Bab 2 (Keputusan)

2.8K 107 0
                                    

Adiba masih mematung di dalam mobil pria aneh ini. Di sampingnya Bunda juga tak bicara apapun, dia jadi curiga jangan-jangan yang di dalam mobil bersamanya ini bukan manusia.

"Rana, kok diem mlulu gitu sih?"

Astagfirullahaladhim! Adiba segera beristighfar karena telah berpikir yang aneh-aneh. Ia menoleh ke arah Bunda yang kini memandanginya serius, menatap wajah berbingkai kerudung warna krem tersebut.

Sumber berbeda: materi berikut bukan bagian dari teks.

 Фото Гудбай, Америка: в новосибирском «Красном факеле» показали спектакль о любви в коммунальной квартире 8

"Rana itu masih bingung lho Bunda, sebenernya pria asing ini siapa sih Bunda? Terus soal sms Bunda itu apa-apaan coba?"Adiba cemberut.

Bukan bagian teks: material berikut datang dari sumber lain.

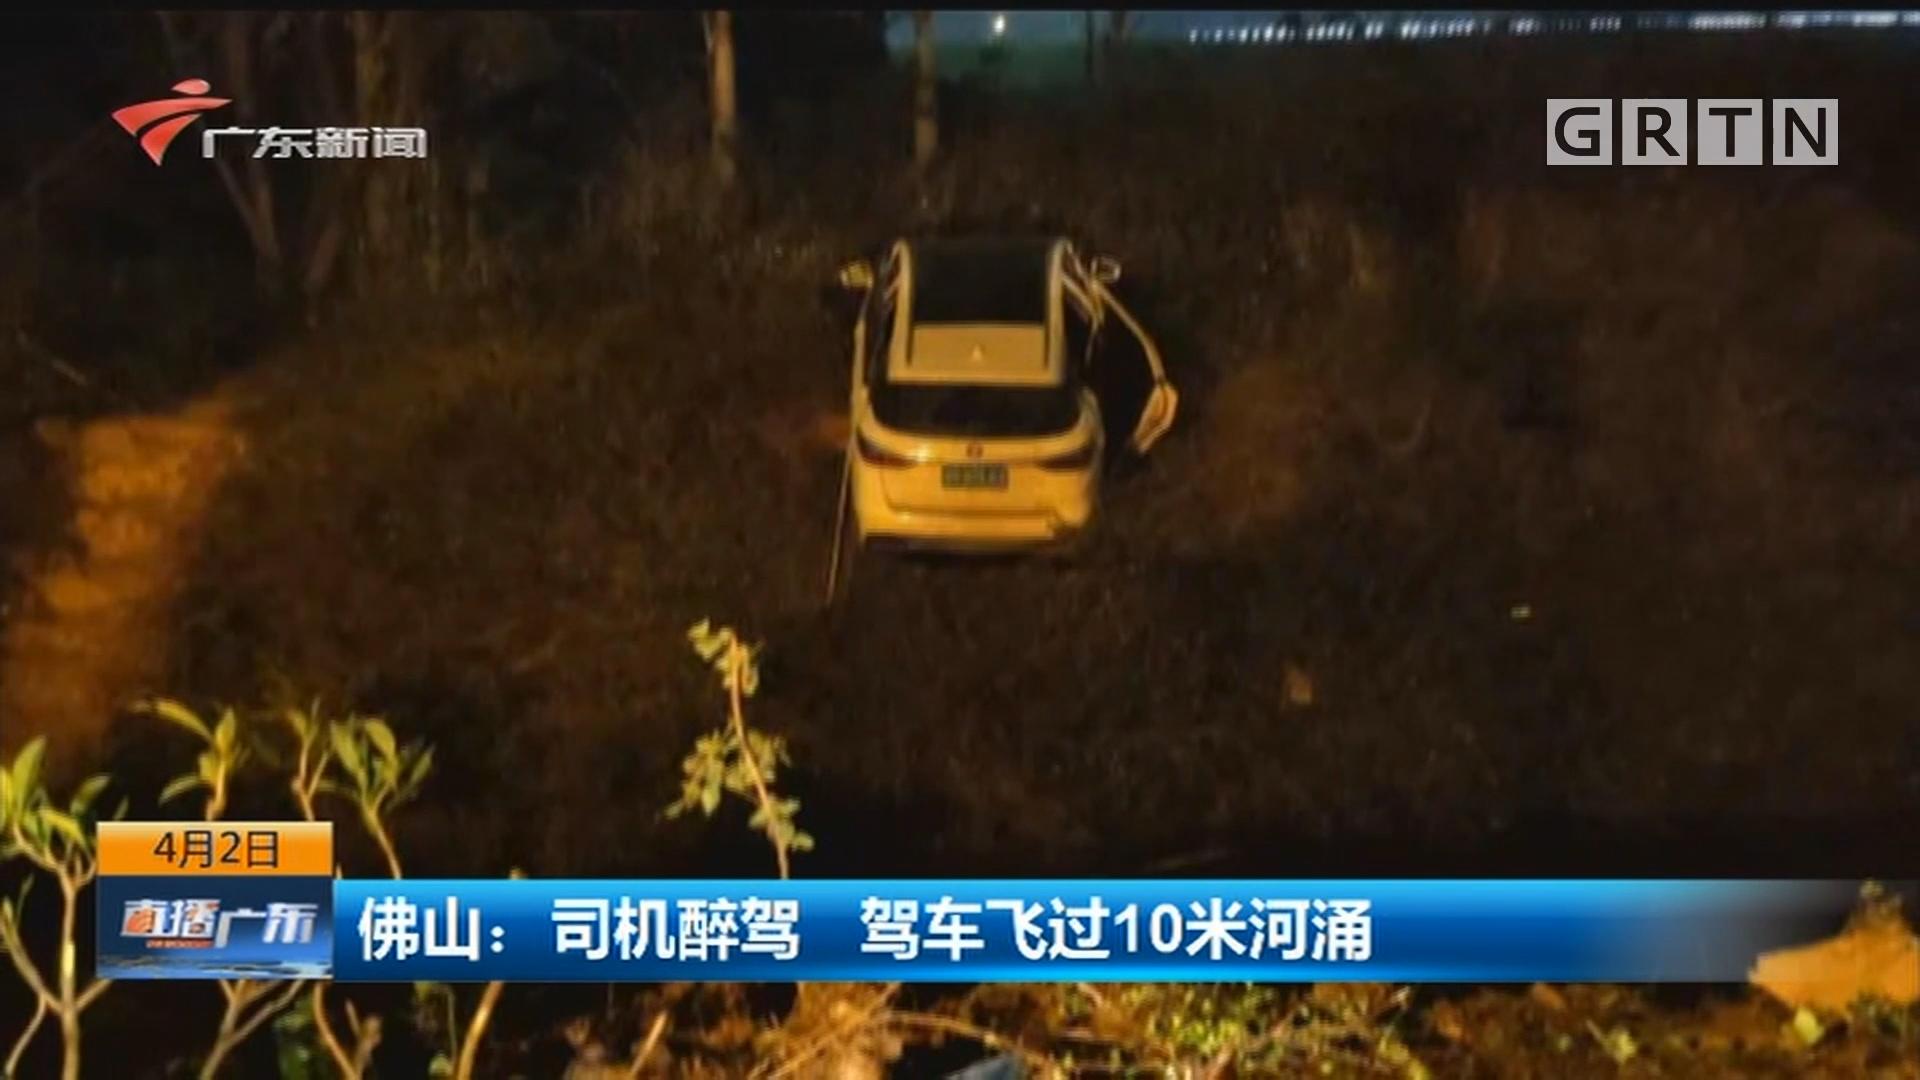 佛山:司机醉驾 驾车飞过10米河涌

"Lhoh kamu ini gimana sih, Rana? Kan udah Bunda bilang, dia ini yang langsung melamarmu dengan mendatangi Bunda."

"Tapi Bunda...,"Adiba merajuk. Seolah-olah di dalam mobil yang sedang melaju dengan kecepatan sedang tersebut hanya ada mereka berdua. "Bunda langsung nerima aja gitu? Ngga ada pertimbangan lain atau apa gitu kek! atau minimal tanya pendapat Rana atau gimana lah,"Adiba melipat tangan. Nadanya bersungut-sungut.

"Jadi kamu berpikiran, Bunda akan sengawur itu dalam urusan yang menyangkut soal seumur hidup buat anaknya gitu?!"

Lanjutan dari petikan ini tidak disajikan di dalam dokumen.